WILLIAM TAYLOR: COACH, MENTOR AND INSPIRATION FOR ANACORTES HIGH SCHOOL STUDENTS

WILLIAM TAYLOR: COACH, MENTOR AND INSPIRATION FOR ANACORTES HIGH SCHOOL STUDENTS

On January 24, 2002, William “Bill” Taylor died in Anacortes. He was one of Anacortes’s most successful basketball coaches in the history of the school.  As a coach & teacher, he was also a positive influence in so many students’ lives, including mine. He was a great coach and mentor to me. I’ve published a full account of my high school relationship with this great coach and his profound influence in my life: https://paulluverajournalonline.com/weblog/2013/01/william-taylor.html . In addition, I published a background of this unique man who was so important in guiding my life. https://paulluverajournalonline.com/weblog/2014/01/bill-taylor-anacortes-high-school-basketball-coach.html 

William H. Taylor was bAnacortes basketball teamorn March 11, 1922. He was 79 years of age when he died. He was a great natural athlete who played baseball and basketball for the University of Washington. He graduated from the University of Washington in 1949. He flew fighters in the Navy and eventually became my high school basketball and baseball coach in Anacortes. (That’s me, number 88, in the photograph)

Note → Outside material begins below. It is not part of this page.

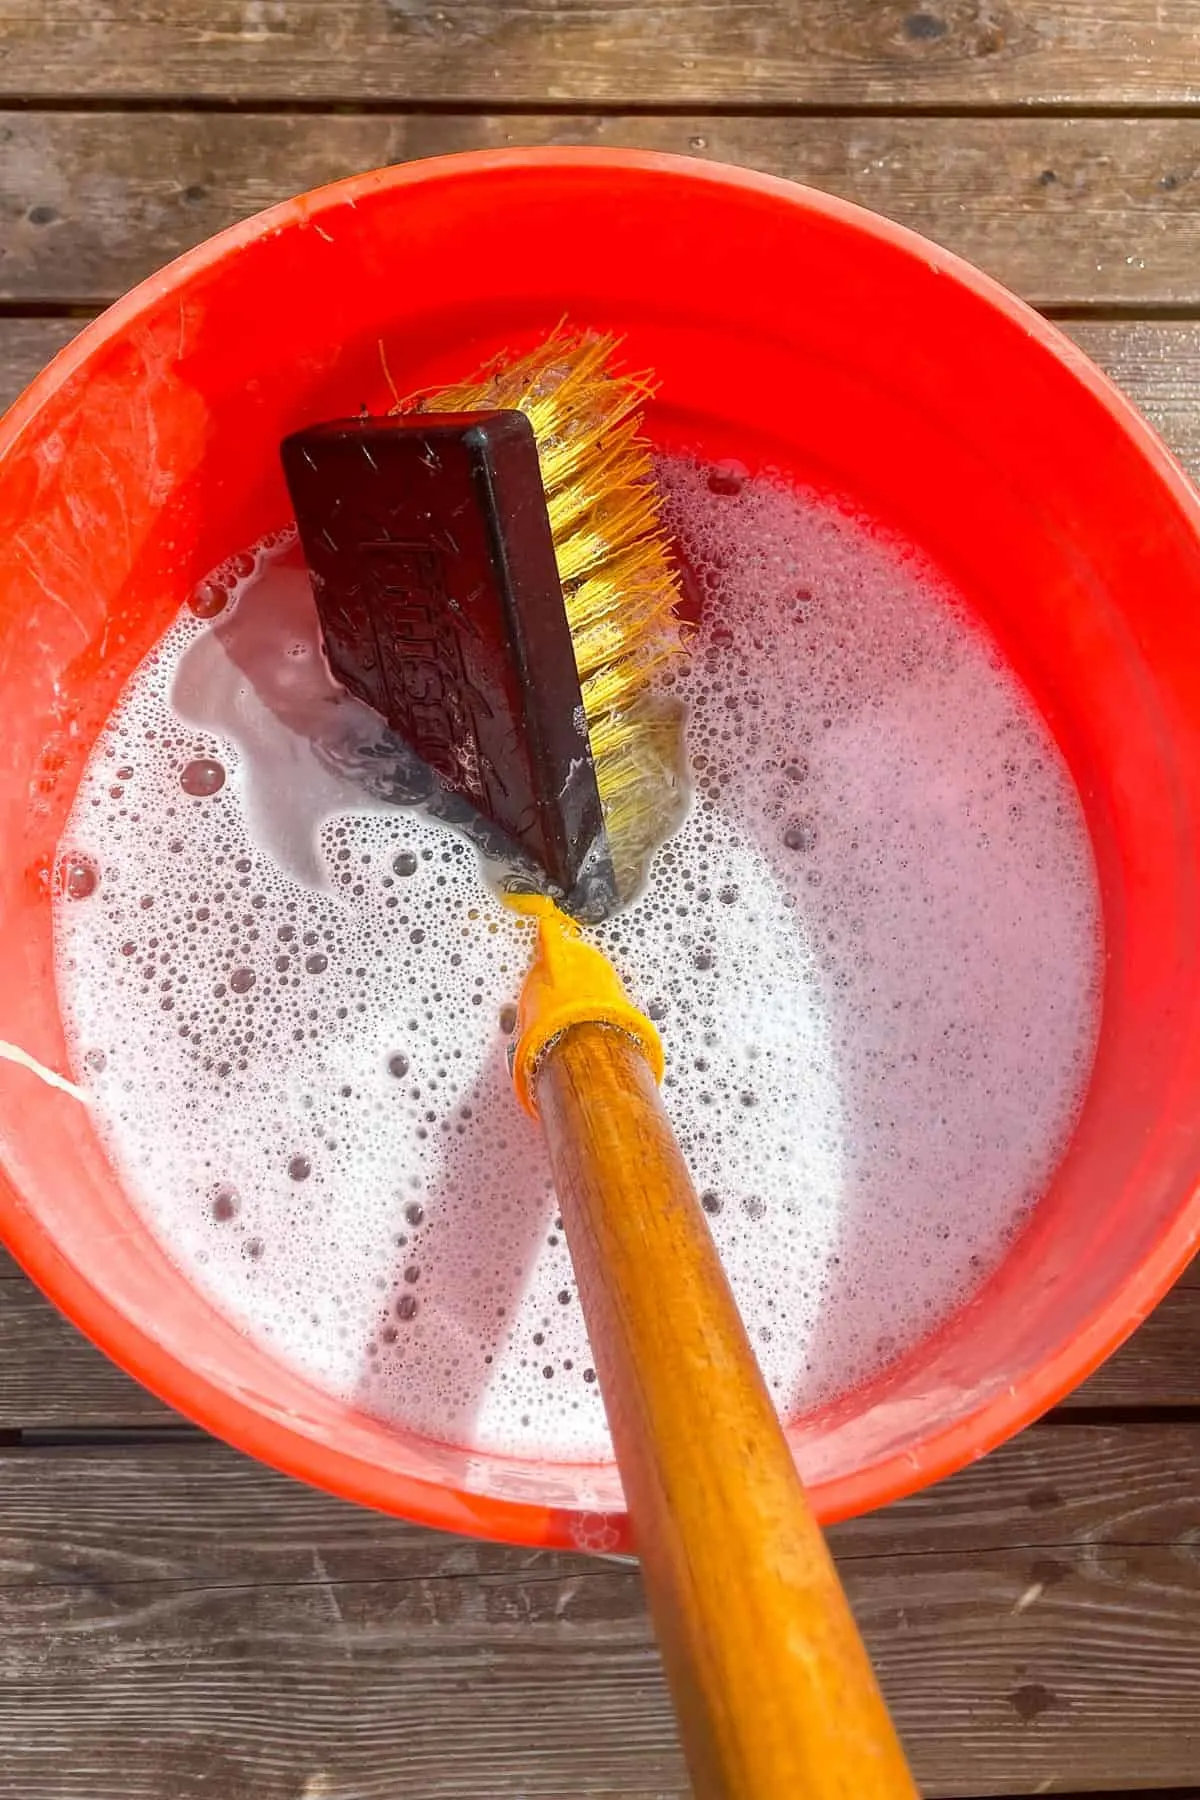 scrub brush in deck cleaner bucket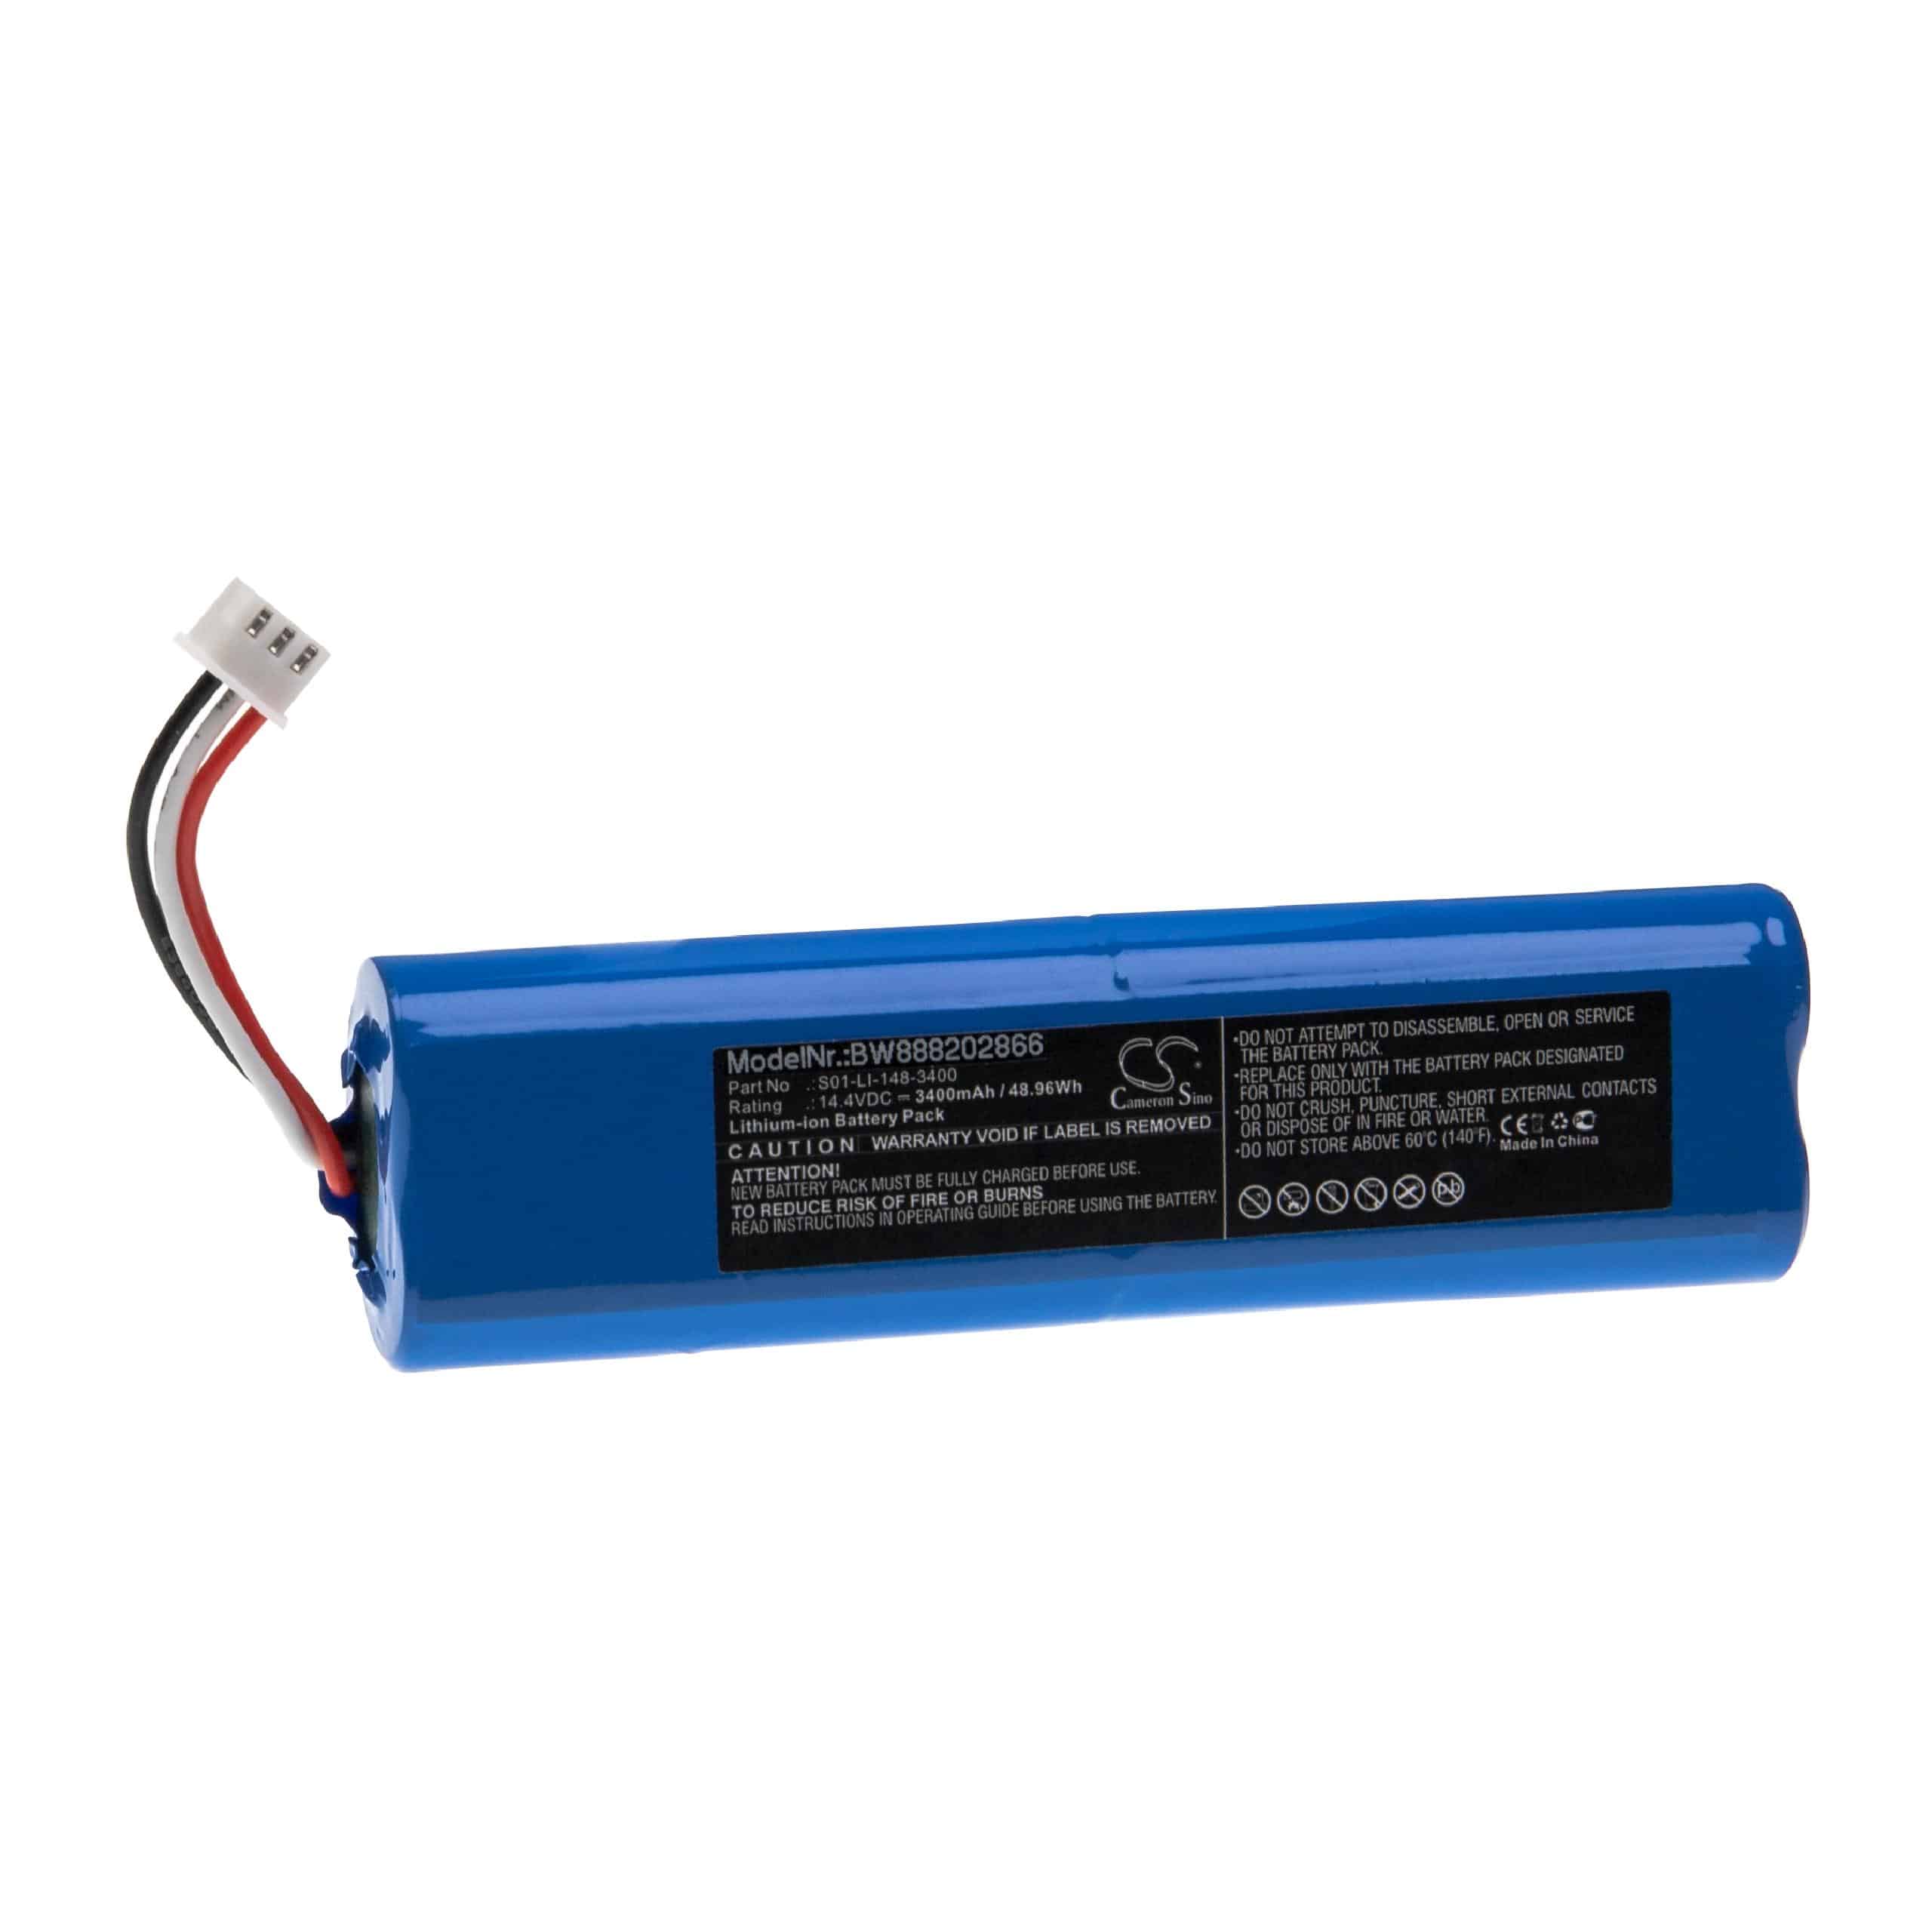 Batterie remplace Ecovacs S01-LI-148-2600, S01-LI-148-3200 pour robot aspirateur - 3400mAh 14,4V Li-ion

Basketball really took over in Anacortes when Richard “Boots” Wooten arrived. Wooton had coached winning teams at Walla Walla, Sequim, and Mt Rainier when he arrived in Anacortes. He started the tradition of basketball madness in Anacortes. With him as the coach, basketball became a town obsession with winning teams that went to State Tournaments. The town became basketball enthusiastic, very much like the one portrayed in the movie Hoosiers about a high school team in Indiana, and the town’s devotion to basketball. In fact, our small gym was filled to overflowing with spectators standing along the out-of-bounds line on the floor and even attending team practice.. The town emptied when the team played away, with a parade of cars following the team bus to the out-of-town games. The town lived basketball. Bill Taylor became the new coach after Boots left. He had big shoes to fill and carried on the tradition of winning teams. As portrayed in the movie, Bill had fans try to tell him how to coach, and, as in the movie, he had to close team practice to their watching because of unwanted advice.

His record at Anacortes was winning 212 games and losing only 56 during his coaching from 1946 to 1960. Taylor’s teams went to the state tournaments. Two years in a row, his teams made appearances at the Washington State Basketball tournament, and both were against Lincoln of Seattle. The second year, both teams were undefeated, and the game was watched by the largest crowd in the history of Heck Edmundson Pavilion, with 3,000 people shut out wanting to get inside. Anacortes lost both years to Lincoln, but the Anacortes fans turned out in force to welcome them home anyway. His record of winning was so good that he was named to the High School Basketball Hall of Fame. He was an outstanding baseball coach at Anacortes. He had been a great baseball player at the University of Washington. He was also the moderator of the Anacortes High School Key Club. Bill taught the students honesty, civility, and character and set the example by his personal conduct.

When I graduated from high school, he wrote this in my annual:

Paul, as been a wonderful experience watching you go up the ladder, boy! I don’t think it is facetious in my saying, “that you, without a doubt, have been the best student leader that I have seen at AHS”!! My only regret was the fact that you did not receive a faculty award, but don’t shed any tears over this. After all, we can’t all be students? If it is any consolation to you, I believe that you were the outstanding all-around senior four 1952 – 1953 girls, including. Don’t look back, son, look ahead. Good luck and success. Glad to have had you aboard, Bill Taylor.”

My life story involves a number of very significant encounters with different men and women who had an important role in my life. They include my 3rd-grade teacher, Mrs. Marshall, who used to reassure my parents that, in spite of my many disciplinary problems, I would be fine, and the pastor at the U of W Neman club. Fr. William Doole,y who inspired my spiritual growth and my relationship with attorney Gerry Spence, who promoted the growth of professional trial skills, along with others equally important. However, it was Bill Taylor who influenced my life at a critical turning point from the path I was on to a new one of solid values and determination to succeed.

This is in honor of William H. Taylor, a great coach, mentor to me and many other young men, and a man of great character. I  will always owe a debt to Bill for his positive influence on my life at a critical turning point in my life.